Il y a des fois dans la vie où, par un jugement trop hâtif, incomplet ou simplement par manque d'information, l'on passe à côté de certaines choses ou de certaines personnes. C'est aussi le charme des rencontres éphémères, qui laissent parfois un arrière goût de regret. Et puis, de temps en temps, la vie vous offre une seconde chance. Ce fut le cas en ce qui concerne la découverte de Cachemire (des "potes" de ce super groupe Manceau qu'est Outrage). Ma première impression les concernant fut très moyenne. Pourtant, lors de la promotion d'un prochain festival, il n'aura fallu qu'un petit extrait de 20 secondes (Moi être roi) pour prendre une grosse claque ! J'ai alors tendu avec joie la seconde joue avec l'écoute de la reprise de Alors on danse. Direction la section boutique sans même avoir entendu le reste de l'album. Dix jours plus tard, un nouveau CD (qui achète encore des CD en l'an 2000 ... 22 ???) venait s'ajouter à la longue série de pensionnaires déjà présents, avec en prime une photo dédicacée !

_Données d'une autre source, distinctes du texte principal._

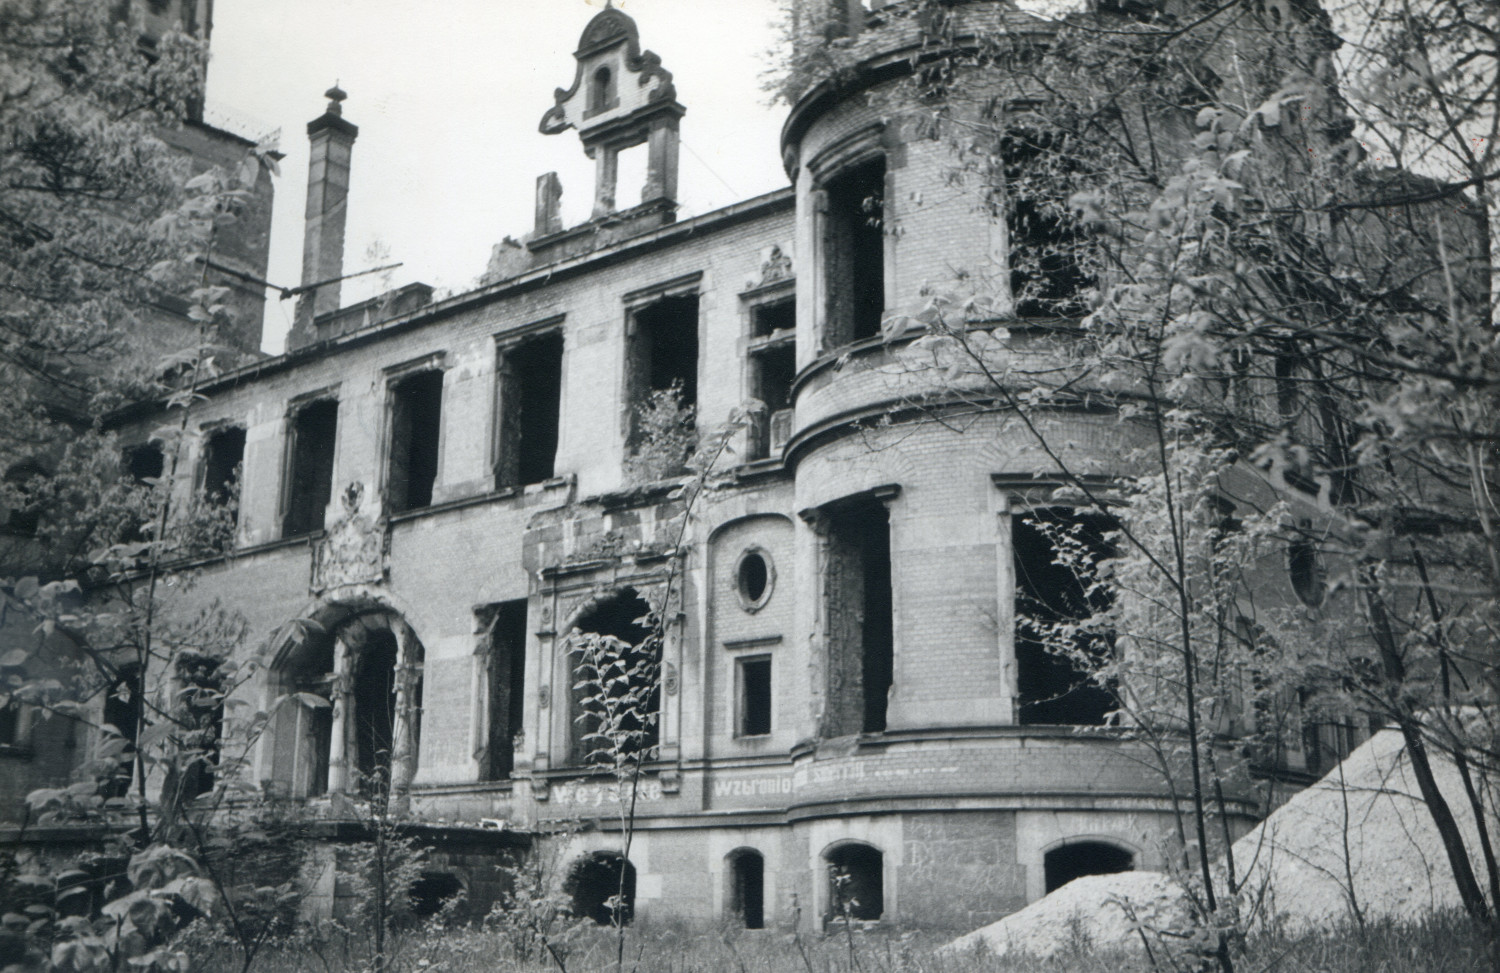 Ruiny pałacu w Reptach Śląskich w czasach powojennych. Ze zbiorów WKZ, dzięki uprzejmości Z. Banasia

Commençons par le début. Cachemire c'est avant tout quatre garçons (Fred, Sven, Seb et Farid) qui ont décidés de faire du rock, du vrai ! Le nom, bien que trop générique à mon goût (ce qui rend le référencement parfois difficile), provient du titre Kashmir (ici francisé) de Led Zeppelin. Le groupe se forme sur Rennes en 2012 et sort un premier EP de 4 titres Blonde Box. Deux ans plus tard, en 2014, Photochope-moi est la version "finale" du cet Extended Play. On parle ici d'un rock relativement trivial, qui reprend les influences des quatre garçons. Le tout manque clairement de caractère.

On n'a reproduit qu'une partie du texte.